DETROIT -- To spread the word about the launch of its Envoy Denali, GMC didn't use the tried-and-true methods of shooting national commercials for different audiences or dubbing a generic spot in Spanish.
Instead, GMC created messages for specific audiences. It produced original spots aimed at black and Hispanic viewers in dedicated campaigns that will run on national and regional TV.
GMC's Spanish-language Denali campaign will be its largest such effort to date. The six commercials debut this month.
GMC says it produces specific ads for segments of its target audience about 80 percent of the time.
"The last thing we want to do is say, 'Can I have the Spanish words for this?'" says Dave Koziara, GMC's national advertising manager. "People will read right through that."

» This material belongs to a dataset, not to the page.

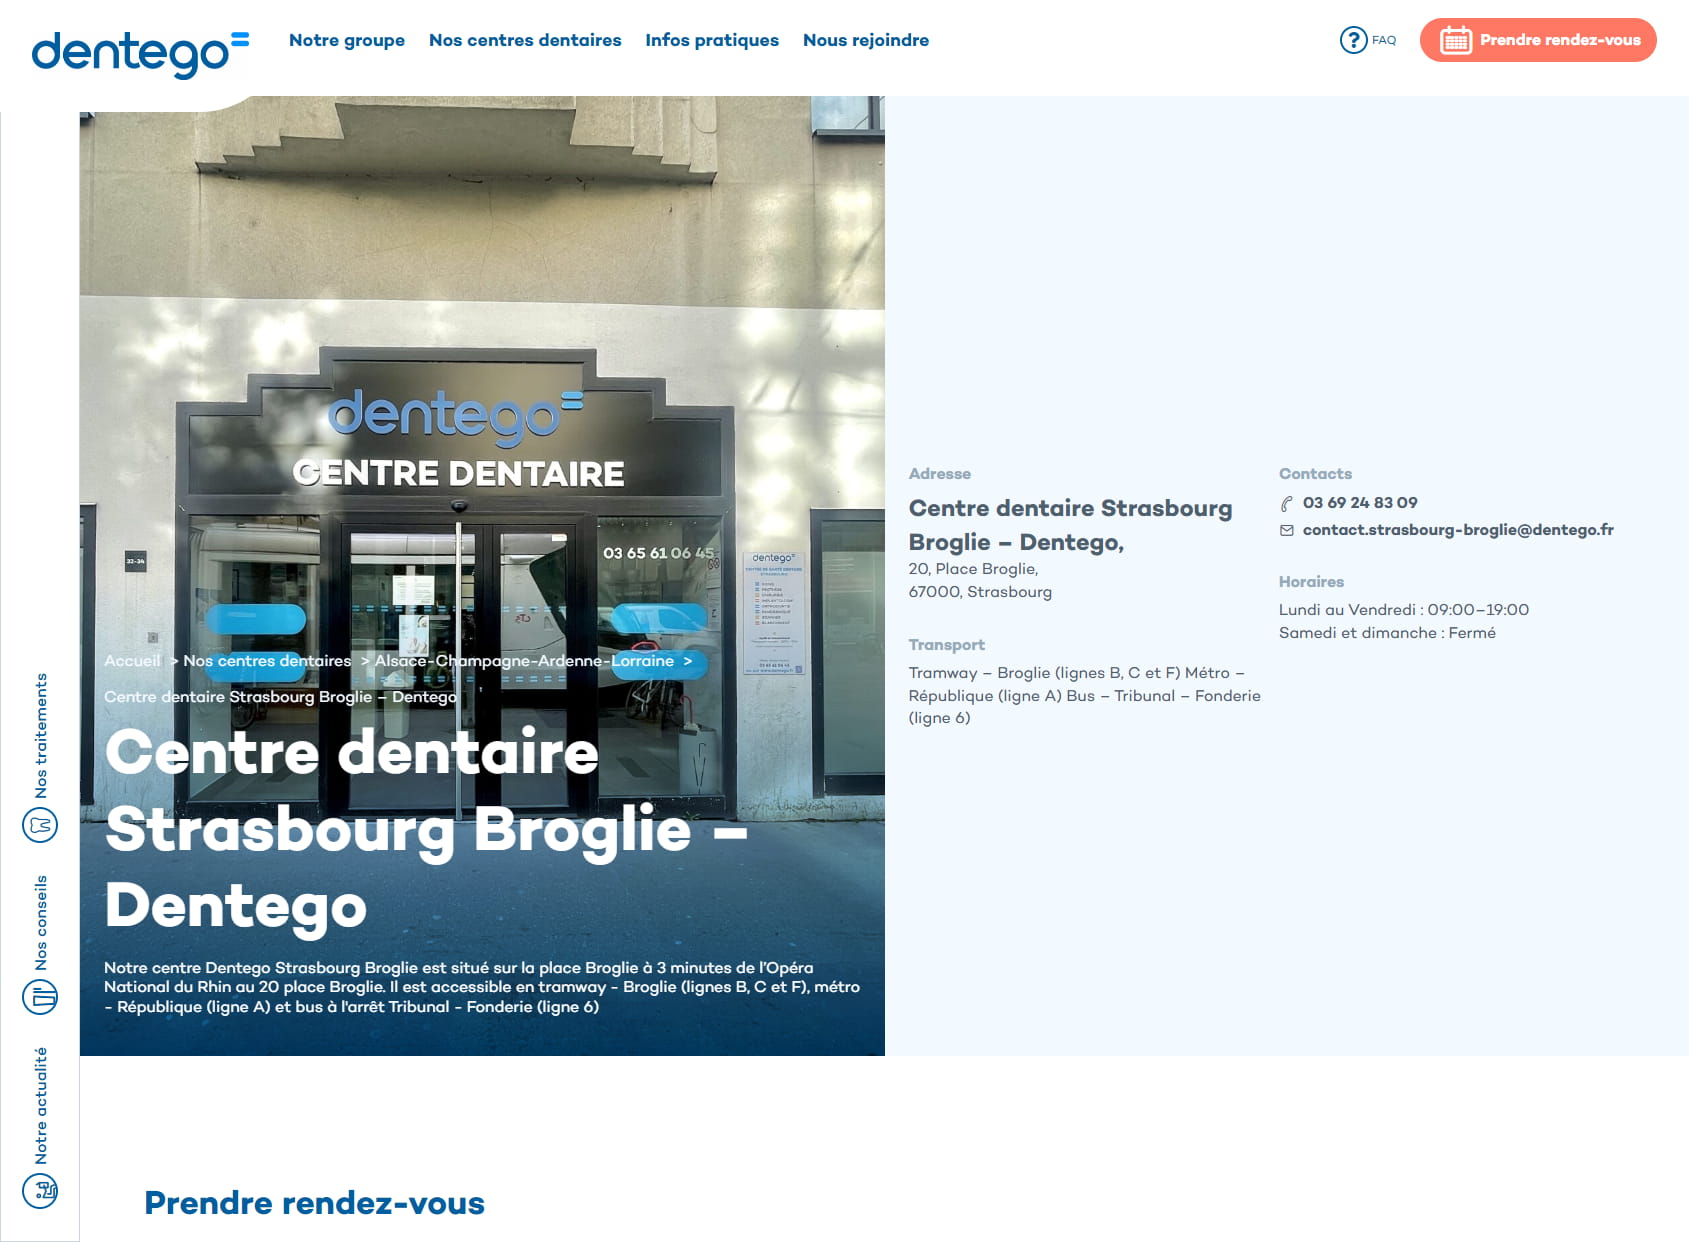 Centre Dentaire Strasbourg Broglie : Dentiste et Cabinet d'orthodontie Strasbourg - Dentego

GMC has spent the past decade - and plenty of dollars - trying to reach Hispanic consumers.
Last year, it increased its overall ad spending by 24.5 percent over 2003, to $239.4 million, TNS Media Intelligence reports. GMC outspent General Motors' Buick, Cadillac and Hummer divisions combined on Spanish-language TV spots, according to TNS.
GMC sponsors the "Premios Fox Sports" awards show, the Hispanic equivalent of the ESPYs annual awards show on ESPN.
Since 2003, GMC's share of the Hispanic market has equaled its general U.S. market share, GM says.
"Hispanic continues to be an important market for us," Koziara says. "But we were investing before it was fashionable to do so. This is not a recent jump on the bandwagon."
The Hispanic campaign is titled "Real Everyday Pros."
It showcases heroes in the Hispanic community, comparing their personal qualities to those of the Denali line of trucks.
As part of the campaign, GMC also created a commercial targeted at black consumers. It features musician and actor Mos Def, an Emmy and Golden Globe awards nominee.
The commercial, called "Poetry in Motion," shows Mos Def with the Envoy Denali. Visual special effects bring parts of the vehicle together to form the new product.
"As we go on, we want to be able to successfully determine how to talk to our audience," Koziara says. "We want it to complement what we are doing."